Notapor pablom » Jue Jun 30, 2011 12:15 pm

Trampa

Coetzee aborda un tema, plantea algo sobre el mismo y ahí es donde aparece nuestra costumbre de juzgar. Al rato el autor nos muestra que habría que considerar otro punto de vista, en virtud del cual cambiamos momentáneamente de opinión. Pero ello solamente hasta que Coetzee nos ayuda a damos cuenta de que es muy difícil emitir un juicio sobre cosa alguna.
Así, por ejemplo, Petrus codicia las tierras de Lucy, aún después de lo que le pasó. Pero es que hasta resulta entendible que Petrus piense así; primero porque ya han sido relegados por suficiente tiempo los negros en Sudáfrica y segundo porque Lucy no es una auténtica granjera sino solamente una “entusiasta de la vida en el campo”. Pero Petrus no tiene derecho a decidir por los demás; pero Lucy le debe mucho de lo que ha logrado a Petrus; pero Petrus también le debe a Lucy; y así...
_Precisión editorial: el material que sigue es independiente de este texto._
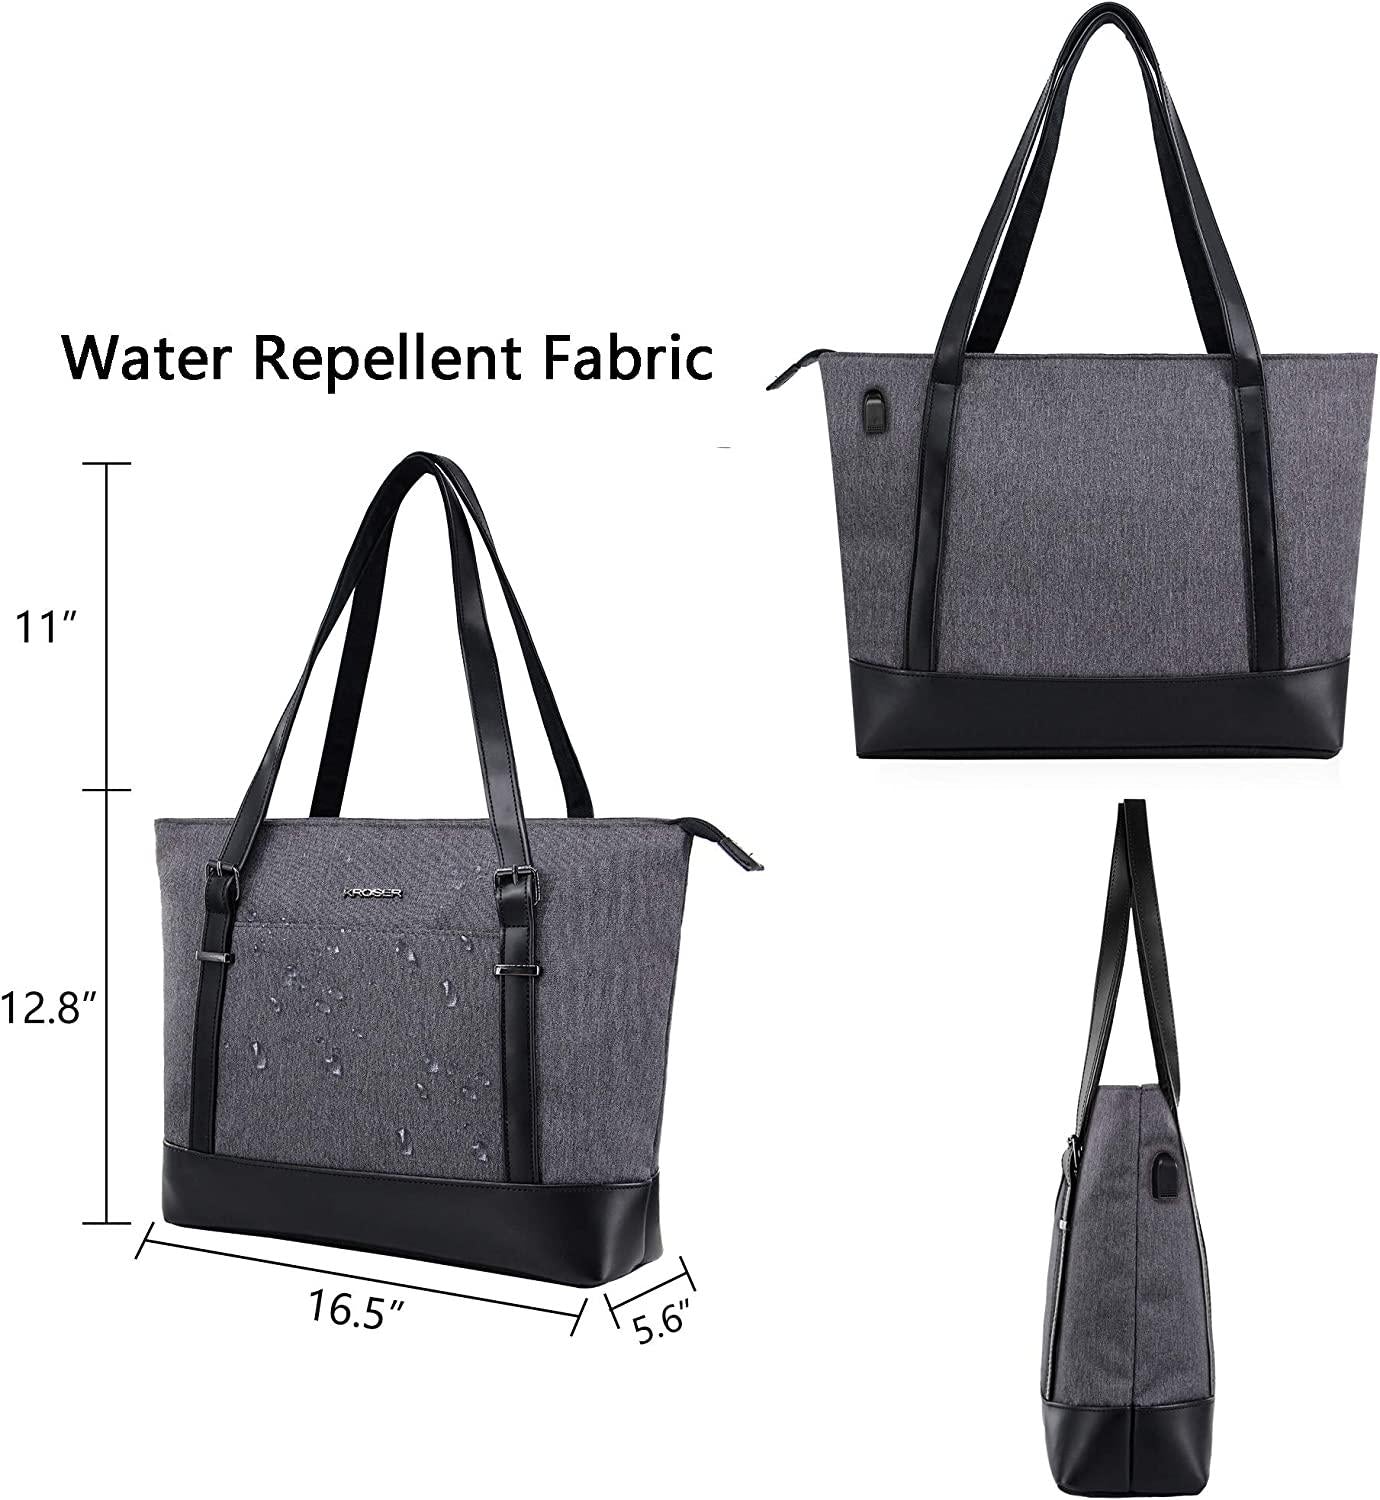 KROSER, KROSER Laptop Tote Bag 15.6 Inch Large Shoulder Bag Lightweight Water-Repellent Women Stylish Handbag for Work/Business/School/College/Travel-Grey
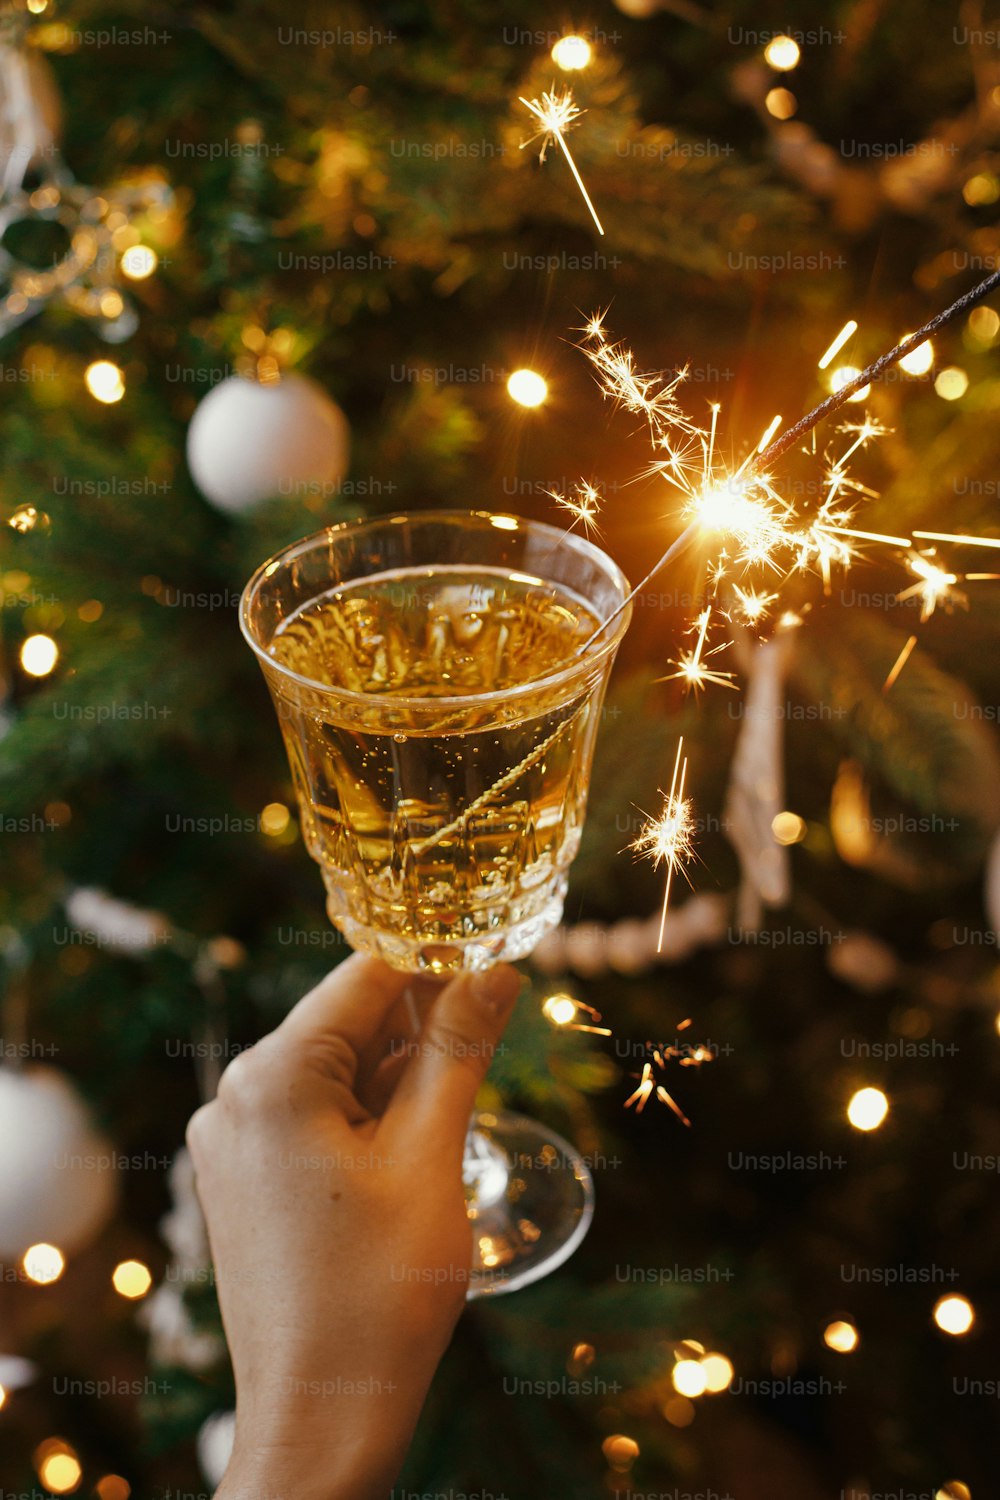 Frau feiert mit Feuerwerk im Champagnerglas vor dem Hintergrund der Weihnachtsbaumbeleuchtung. Frohes neues Jahr!! Hände halten brennende Wunderkerze und trinken im skandinavischen Raum. Atmosphärischer Moment

Y genial, una vez más, el panorámico enfoque de Lurie/Coetzee:
“La auténtica verdad, según sospecha, es algo mucho más ... antropológico...” (en lugar de algo simple). Ello en cuanto a la relación entre Petrus y los sucesos de aquel día...


Mundo nuevo, resentimientos viejos

David Lurie está indignado por el silencio que guarda Petrus sobre lo que pasó con ellos, lo que pasó con Lucy. Querría “hacerlo cantar”. Todos querríamos que Petrus “cante”. Si es que sabe algo. Y sinó que al menos se defienda.
Petrus tendrá el “derecho de ir y venir como le plazca” pero Lurie podría hacerlo cantar; debería hacerlo cantar; es muy difícil no pensar así, sobretodo presos de la indignación (ante el ultraje); o presos de la costumbre (ante el derecho que tienen los policías de las series norteamericanas a utilizar cualquier método para lograr una confesión); pero en este nuevo mundo, a veces al menos, ya no son suficientes las sospechas para azotar a un esclavo.
“Viven en un mundo nuevo, él y Lucy y Petrus. Petrus lo sabe, y él lo sabe, y Petrus sabe que él lo sabe.”

Pero el resentimiento no es patrimonio de ningún color; es propio de la raza humana.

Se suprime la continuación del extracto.